Ruby sneered at him, but there was no real joy behind it.

“We all have our parts to play,” she hissed and threw Dean against the side of the gorge. He was uncomfortably pressed against cold, uneven rock by demonic powers and Dean was starting to get really tired of this. He couldn’t even reach his shotgun strapped to his back, instead it just pressed painfully into his spine and right shoulder blade.

Ruby stalked closer, and, to Dean’s surprise, she ripped open his shirt and vest.

“I wish I could say I was flattered, but…” he began drily, but was cut off by a vicious back-handed slap. Ruby swiftly cut a thin line across his arm, just above the elbow and, ignoring Dean’s grunt of pain, she started to draw a sigil with his own blood on his chest just below the collarbones.

“Ruby!” came the strained voice of Sam from behind her. “What- what are you doing? You told me we could save Dean by summoning the angel.”

“Yeah, well, turns out Dean’s fine after all,” Ruby called back. “The angel was summoned thanks to Dean’s blood sacrifice, and a bond was created between them.”

“ _What_?”

“It was supposed to be you, Sam. The Men of Letters sent you my way, because they wanted an angel summoned,” Ruby explained and backed away – Dean was still stuck to the gorge side. He felt as if the blood sigil on his chest was eating its way through his skin.

Ruby knelt by Sam, who was pinned to the ground, barely managing to lift his head.

She stroked his hair with something close to affection.

“Sam, oh Sam,” she said longingly. “Don’t you see? This is perfect. I don’t have to sacrifice you at all – we can be together, I can make you Prince of Hell and we can lead the Apocalypse together. It was such a stroke of luck that your brother came into the picture as he did, binding the angel to him instead of you. The Men of Letters thought they were doing the right thing by sending you to me, but the right thing is actually your brother.”

“What are you doing?” Dean demanded to know, fruitlessly struggling against the supernatural grip holding him in place. She rose and snapped her head Dean’s way.

“Summoning an angel with a blood sacrifice means the human will be resurrected and thus bound to the angel saving him. Sacrificing a human once already sacrificed and bound to an angel, will set the demons of hell free.

“No,” Sam spat, tendons in his neck bulging as he fought to get up. “You are not killing my brother – and I will not be Prince of Hell.

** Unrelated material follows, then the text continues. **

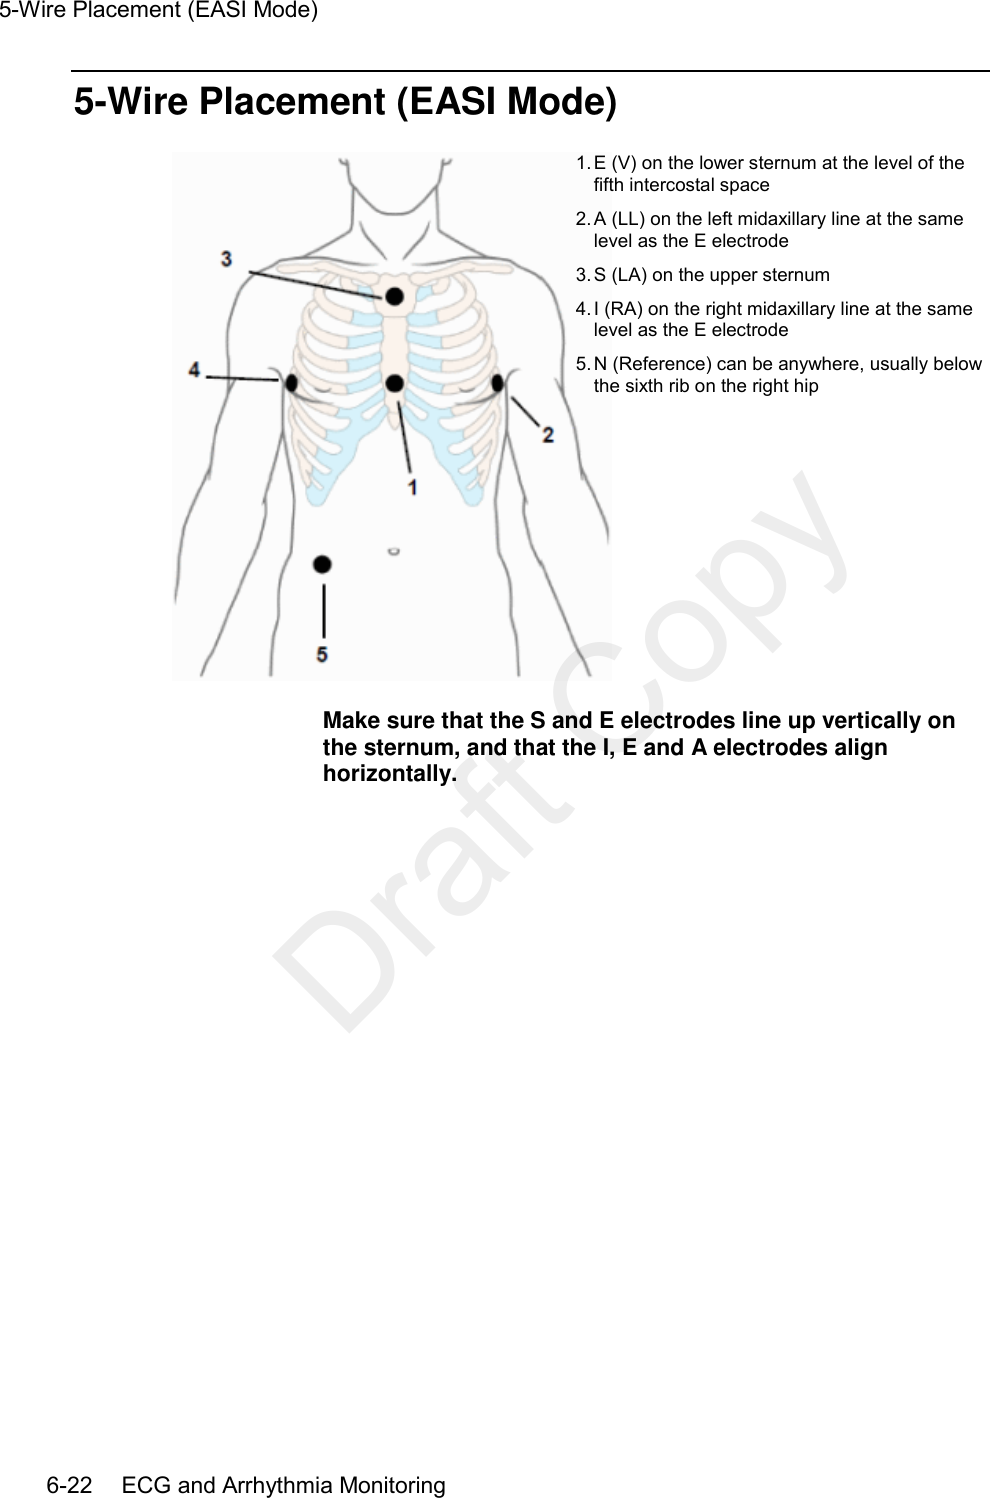 5-Wire Placement (EASI Mode)   6-22    ECG and Arrhythmia Monitoring 5-Wire Placement (EASI Mode)  1. E (V) on the lower sternum at the level of the fifth intercostal space 2. A (LL) on the left midaxillary line at the same level as the E electrode 3. S (LA) on the upper sternum 4. I (RA) on the right midaxillary line at the same level as the E electrode 5. N (Reference) can be anywhere, usually below the sixth rib on the right hip Make sure that the S and E electrodes line up vertically on the sternum, and that the I, E and A electrodes align horizontally.   Draft Copy

I can’t believe you – all the things you said about remembering what it was like to be human-“

“All true!” the demon interrupted with a cry. “I swear Sam, I love you, I really do. Think of the things we can do together, you and I!”

She turned to Dean, and all he could do was bare his teeth.

“He’ll come around,” she told him confidently. “And, well. Nice knowing you, Dean. It’s really too bad, I don’t particularly want to kill you, but…”

She threw a look over her shoulder at Sam before she leaned in close to Dean, carelessly letting the point of her knife rest at the dip of his throat.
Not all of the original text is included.